Extract the full listing verbatim and drop any pictures from your copy.

§ Recorded information:
···

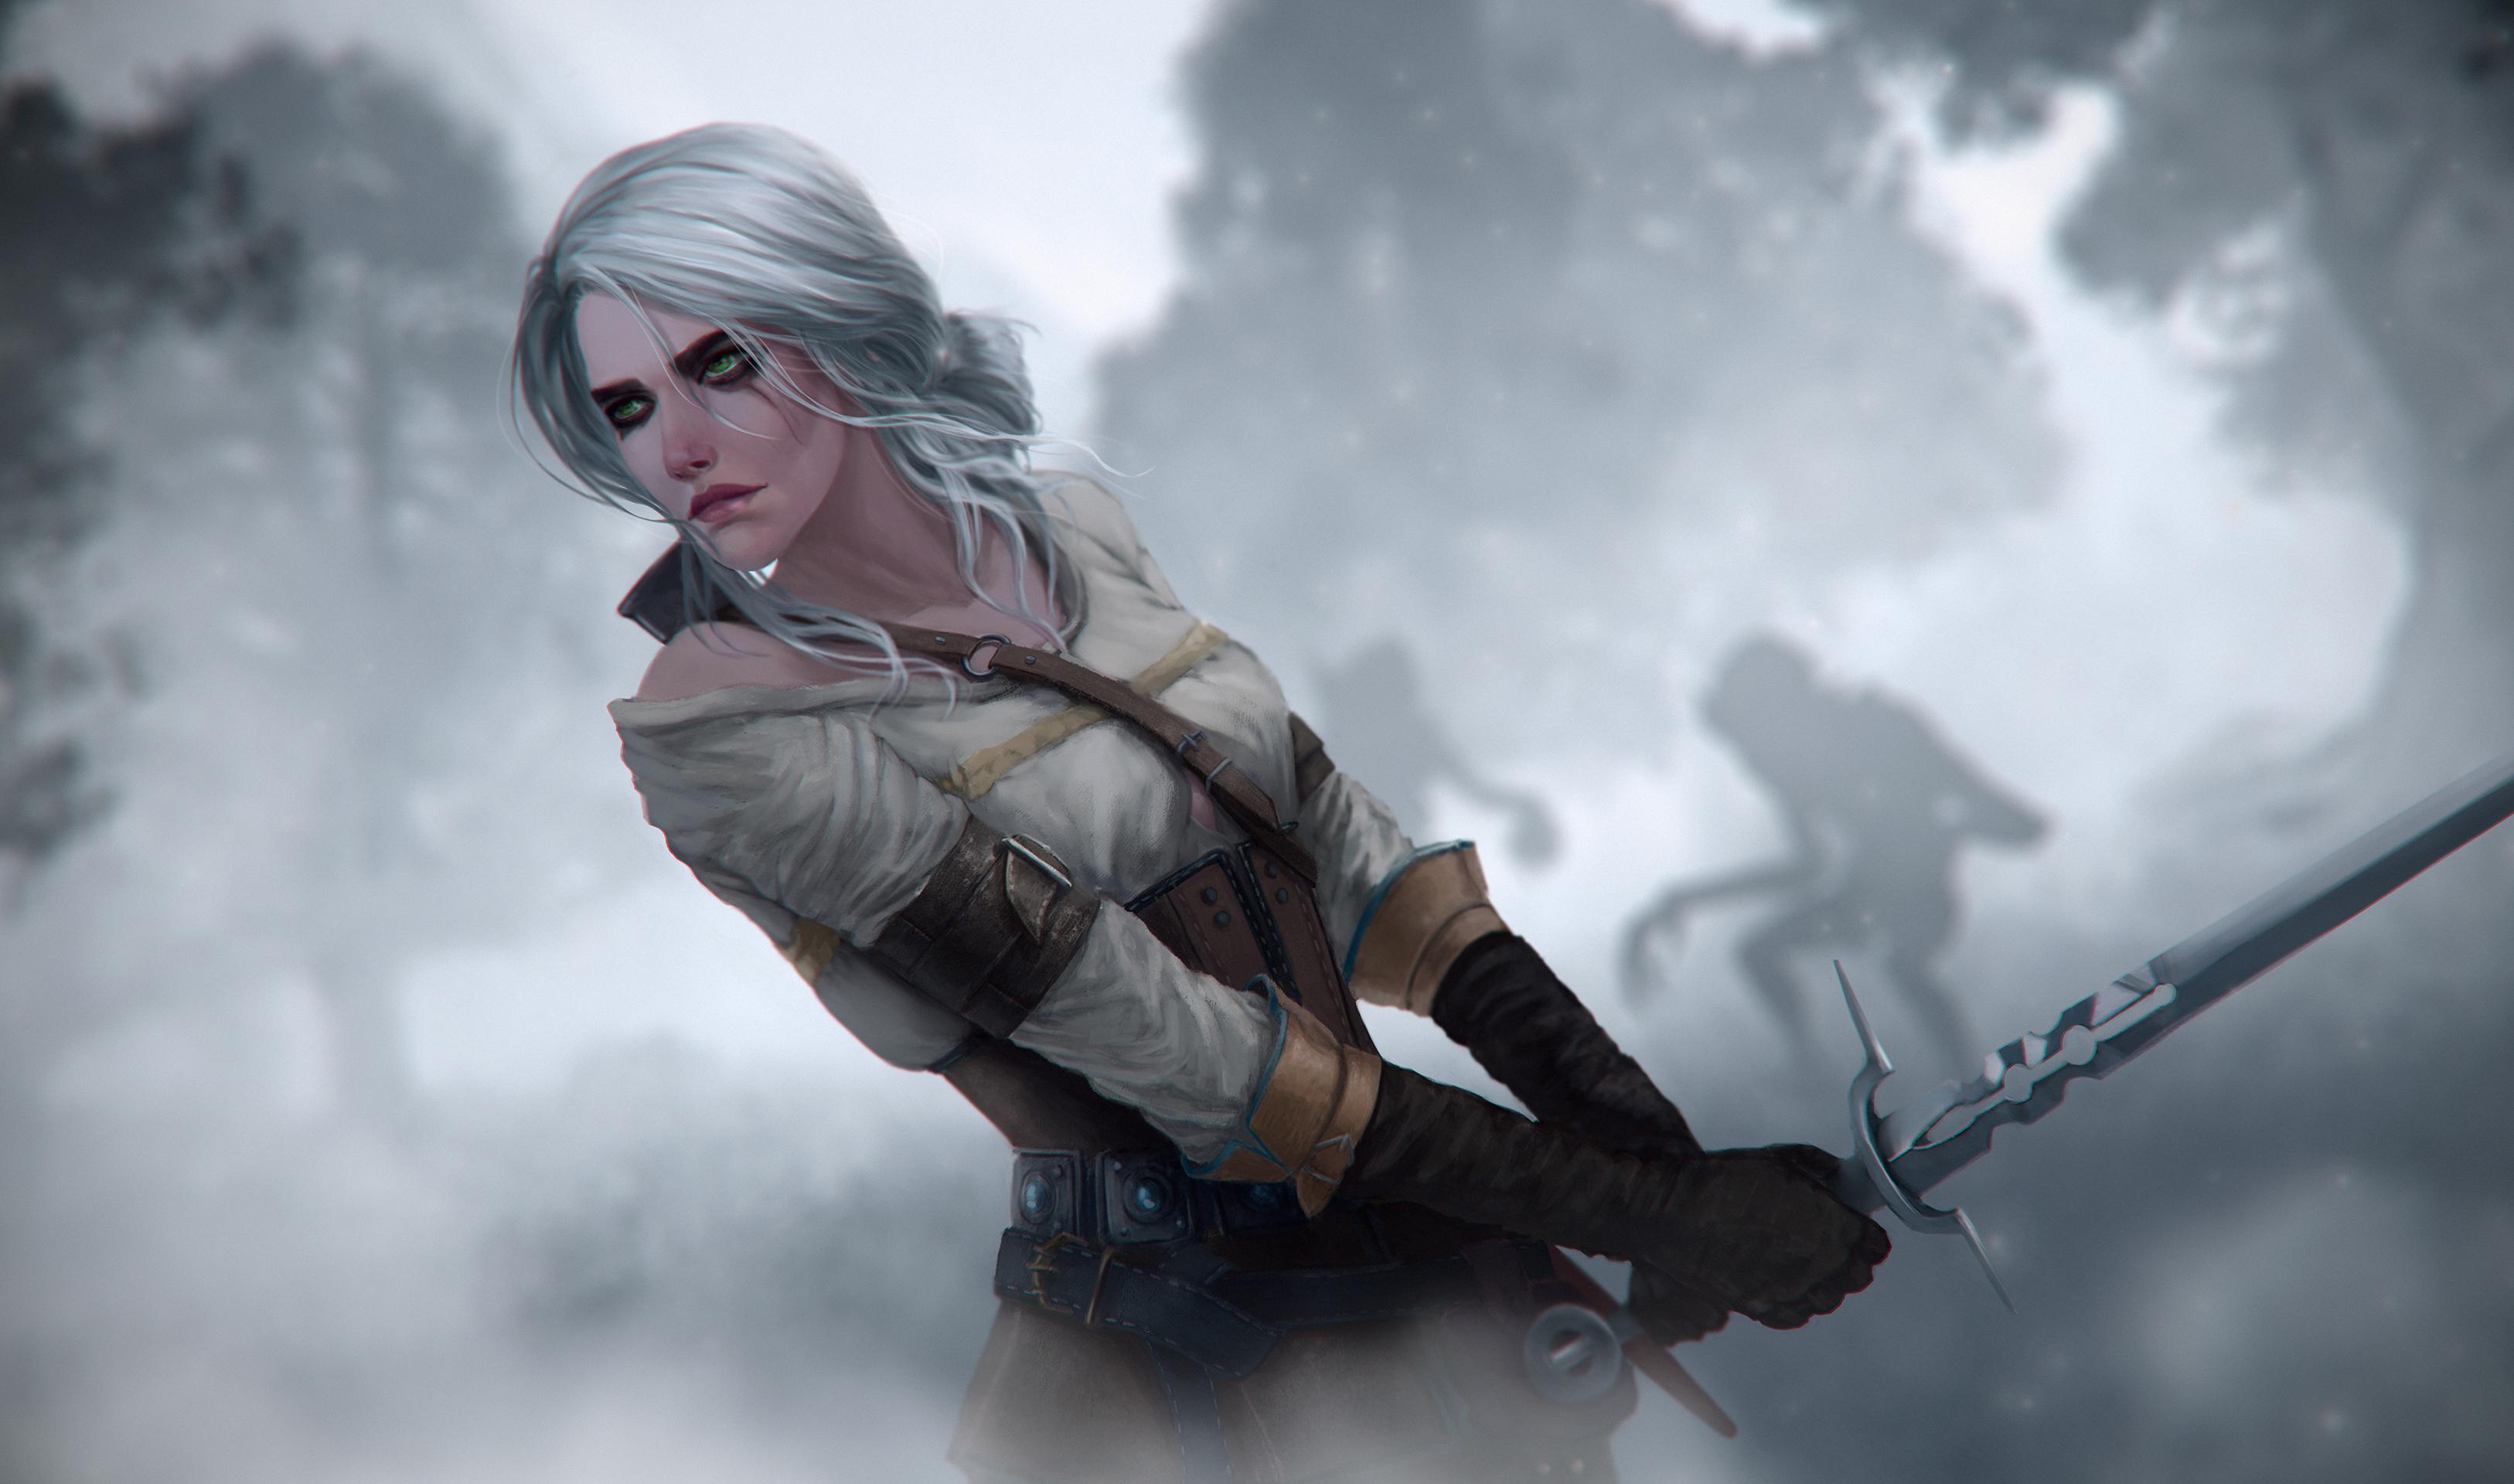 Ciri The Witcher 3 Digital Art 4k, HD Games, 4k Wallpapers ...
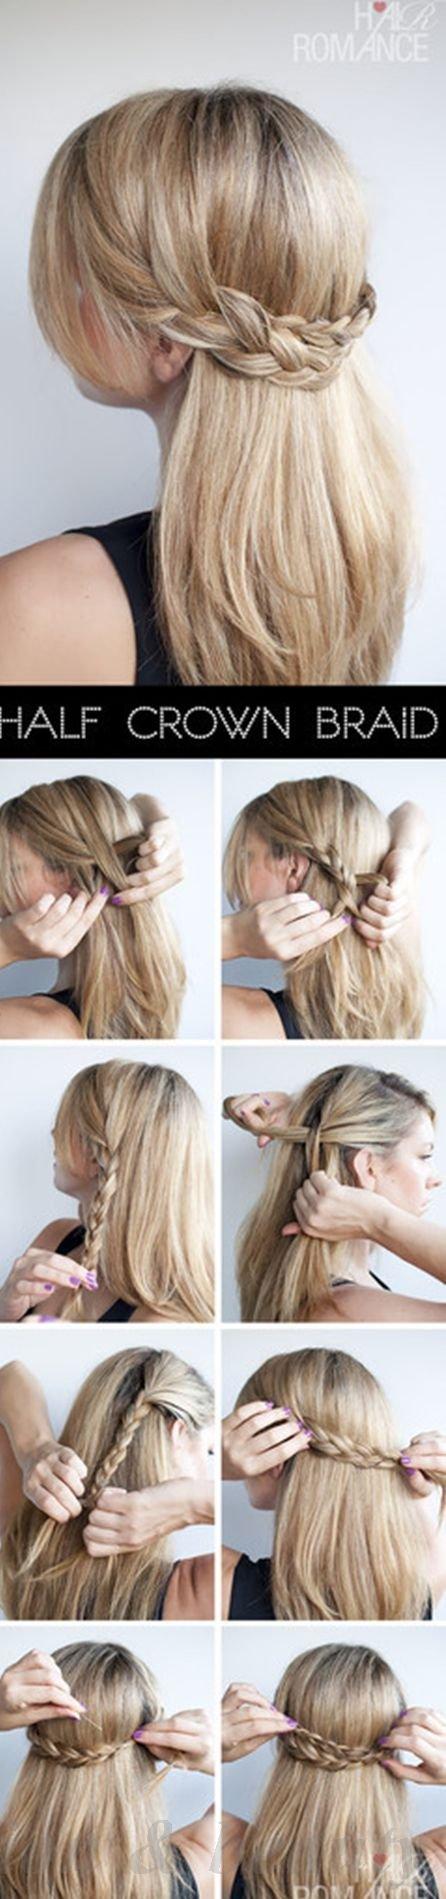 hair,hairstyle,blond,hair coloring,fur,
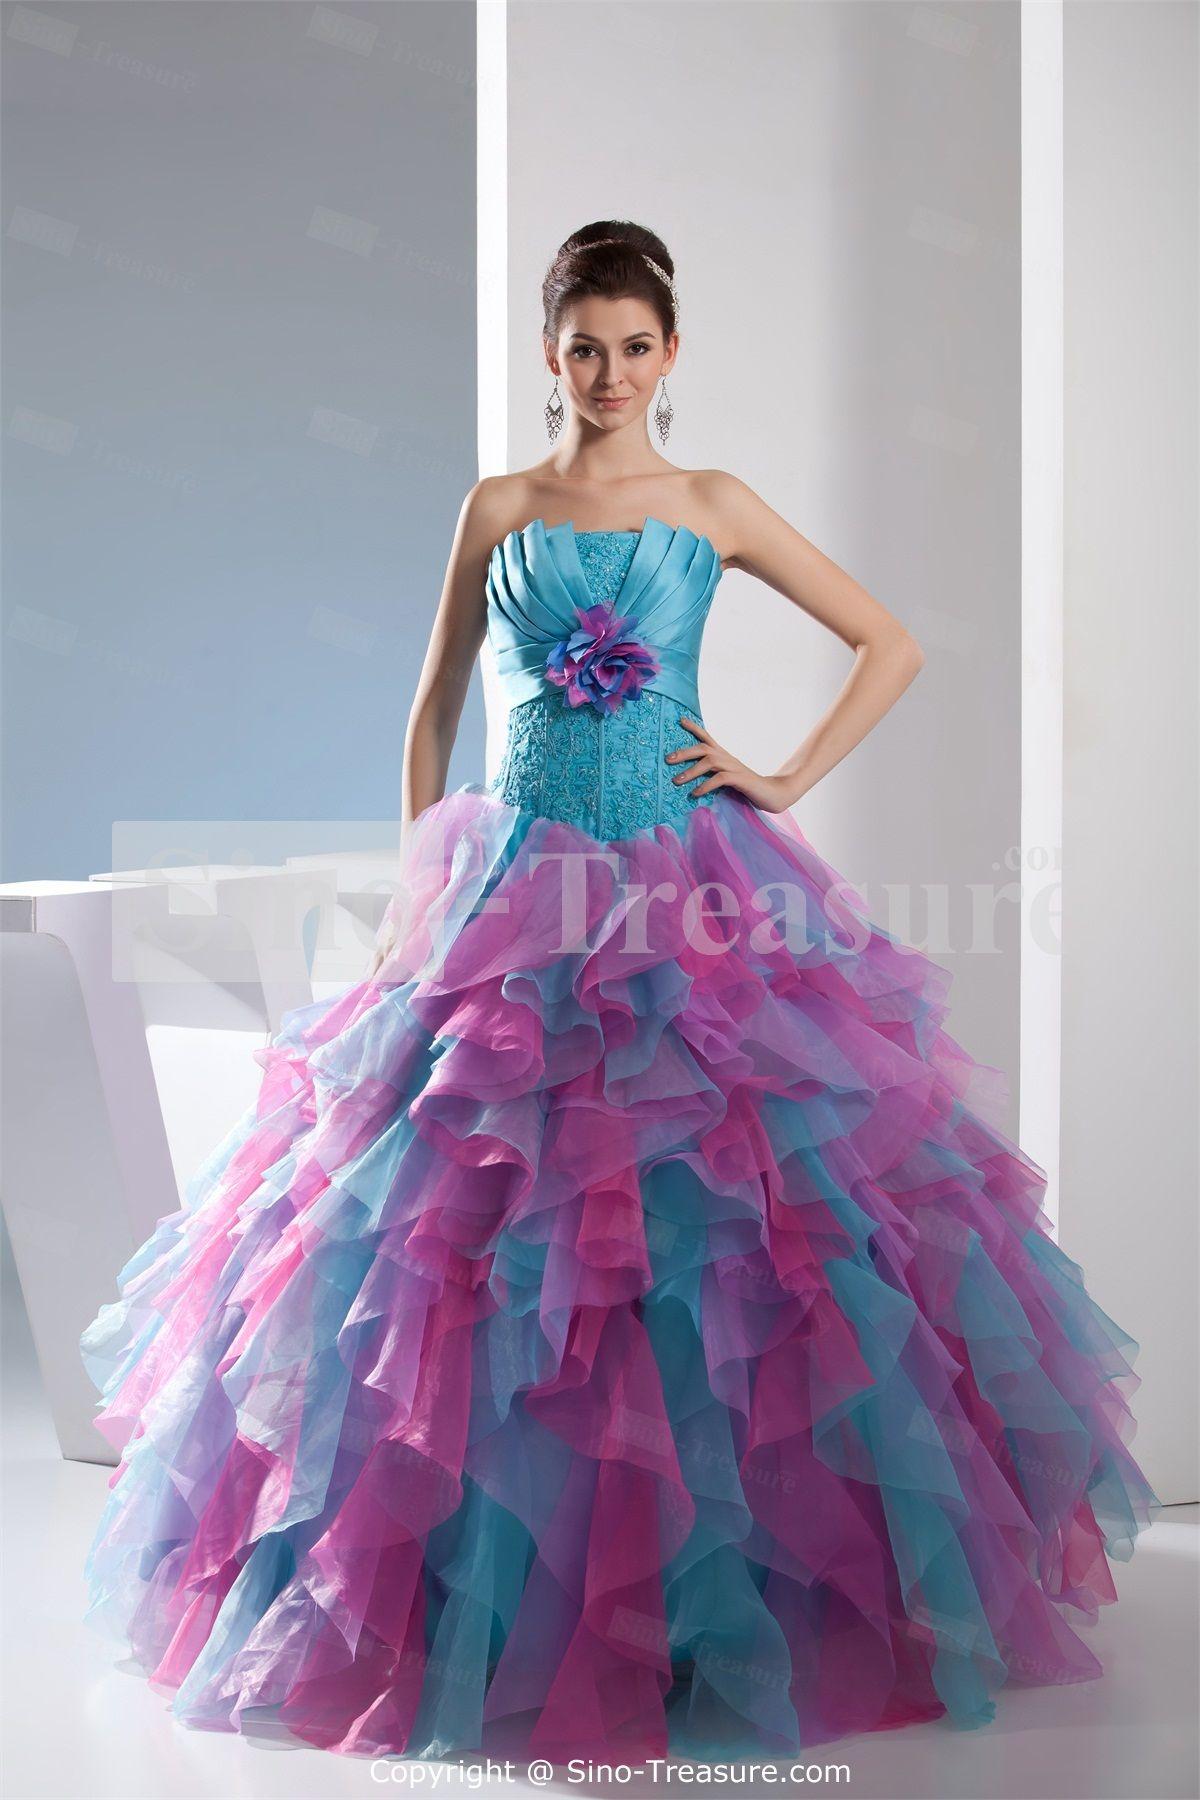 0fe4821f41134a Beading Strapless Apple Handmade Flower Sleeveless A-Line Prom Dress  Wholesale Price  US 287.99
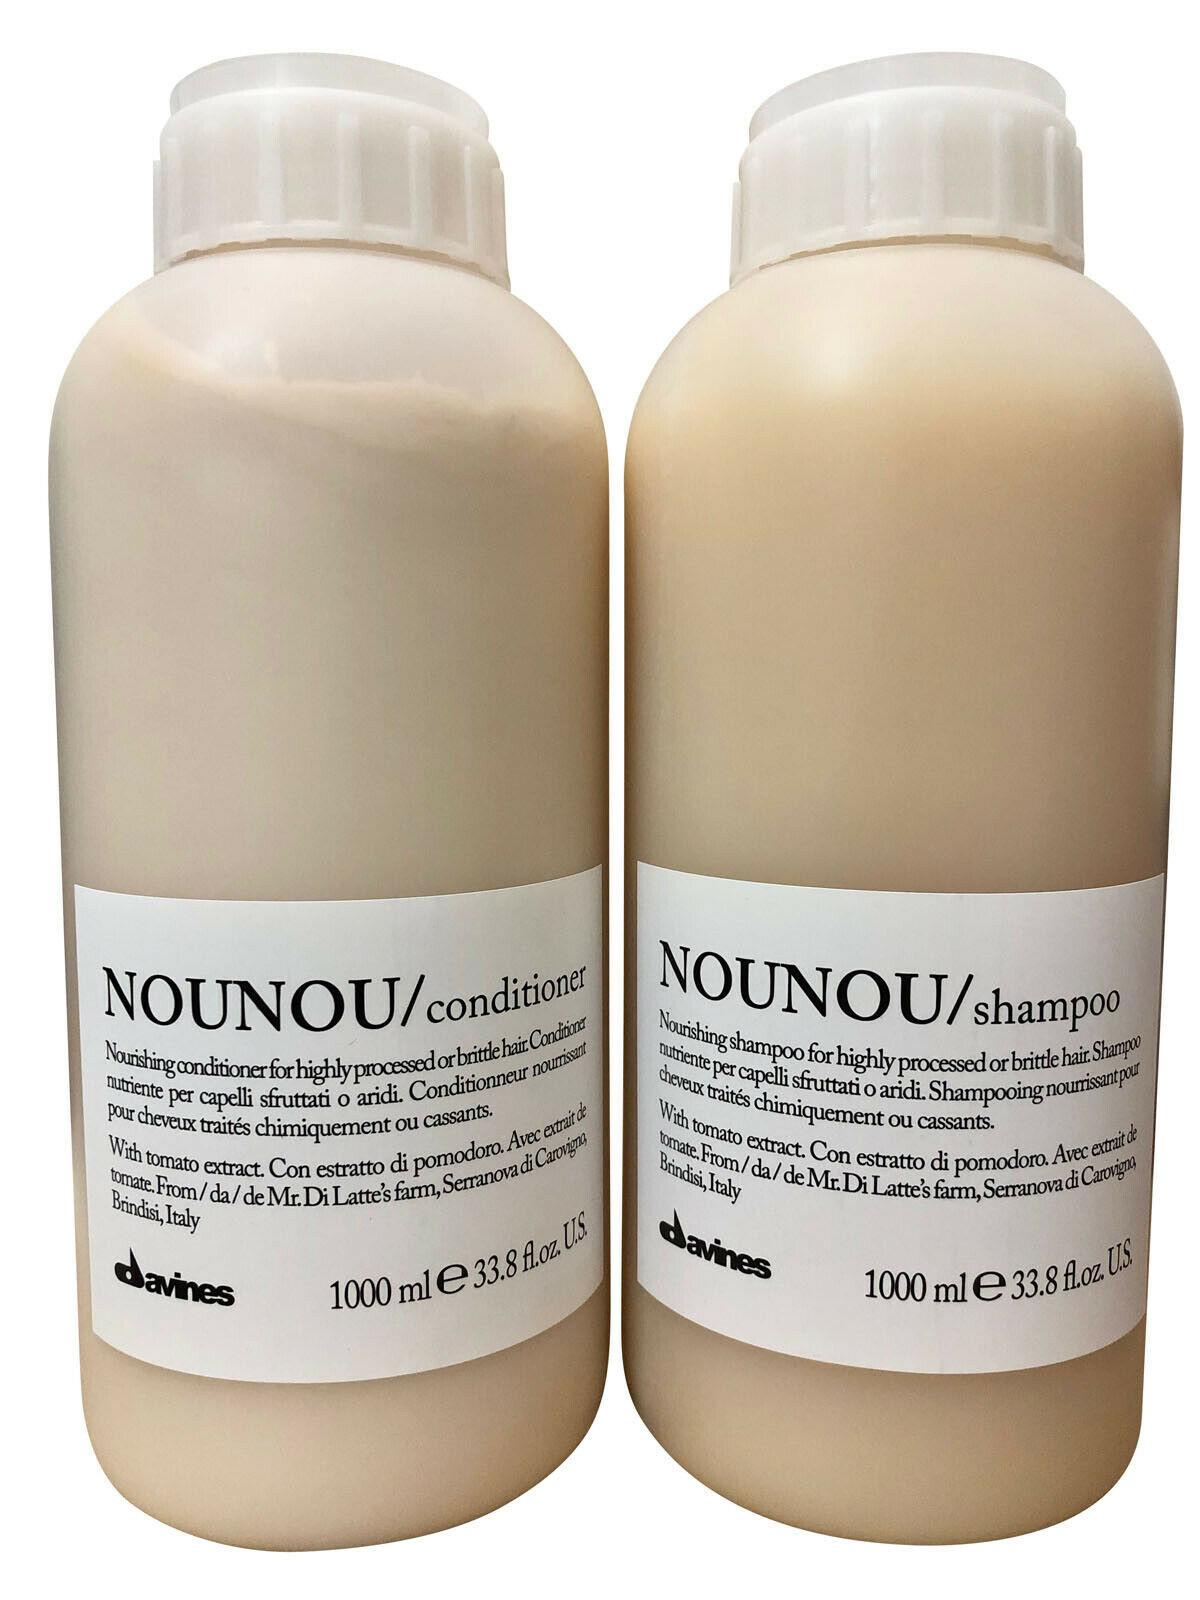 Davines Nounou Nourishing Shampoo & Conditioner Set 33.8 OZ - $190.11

···

§ Reply:
 Ciri The Witcher 3 Digital Art 4k, HD Games, 4k Wallpapers ...
 hair,hairstyle,blond,hair coloring,fur,
 0fe4821f41134a Beading Strapless Apple Handmade Flower Sleeveless A-Line Prom Dress  Wholesale Price  US 287.99
 Davines Nounou Nourishing Shampoo & Conditioner Set 33.8 OZ - $190.11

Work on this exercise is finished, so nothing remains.